- **Problem to solve**:
Find the line in the entries below that contains "電熱グローブ バイク用 5000mAhバッテリー付き 電熱手袋厚手 加熱グローブ". Repeat it exactly, and every line after it through the line that contains "nutrition comparison of chives vs. tomato".

- **Dataset**:
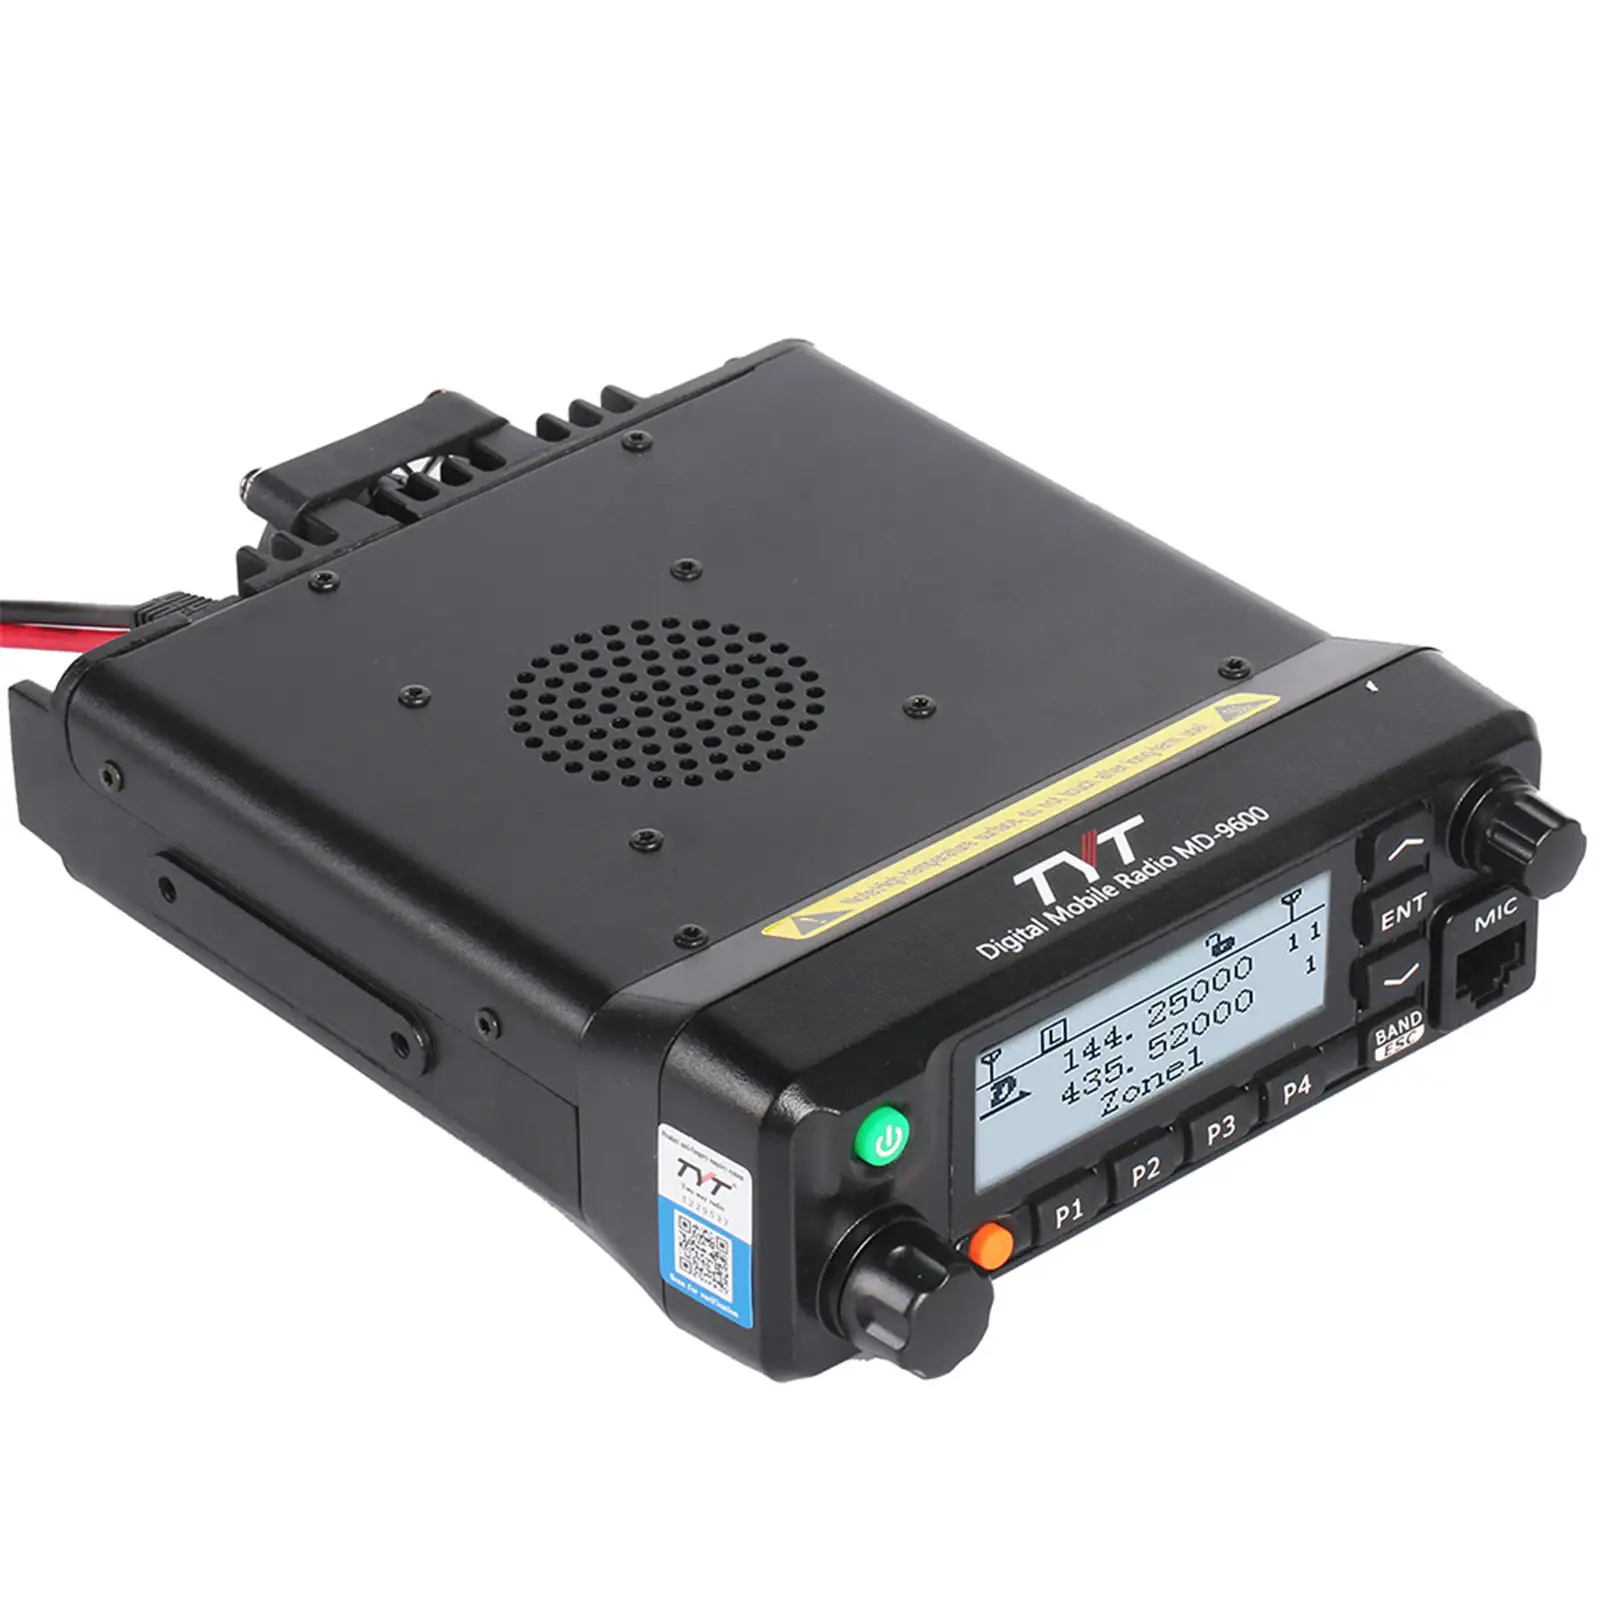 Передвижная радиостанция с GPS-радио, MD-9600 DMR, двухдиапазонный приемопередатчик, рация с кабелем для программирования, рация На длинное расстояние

--

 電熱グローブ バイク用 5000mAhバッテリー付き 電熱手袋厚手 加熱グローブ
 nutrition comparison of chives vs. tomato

- **Response for this exercise**:
 電熱グローブ バイク用 5000mAhバッテリー付き 電熱手袋厚手 加熱グローブ
 nutrition comparison of chives vs. tomato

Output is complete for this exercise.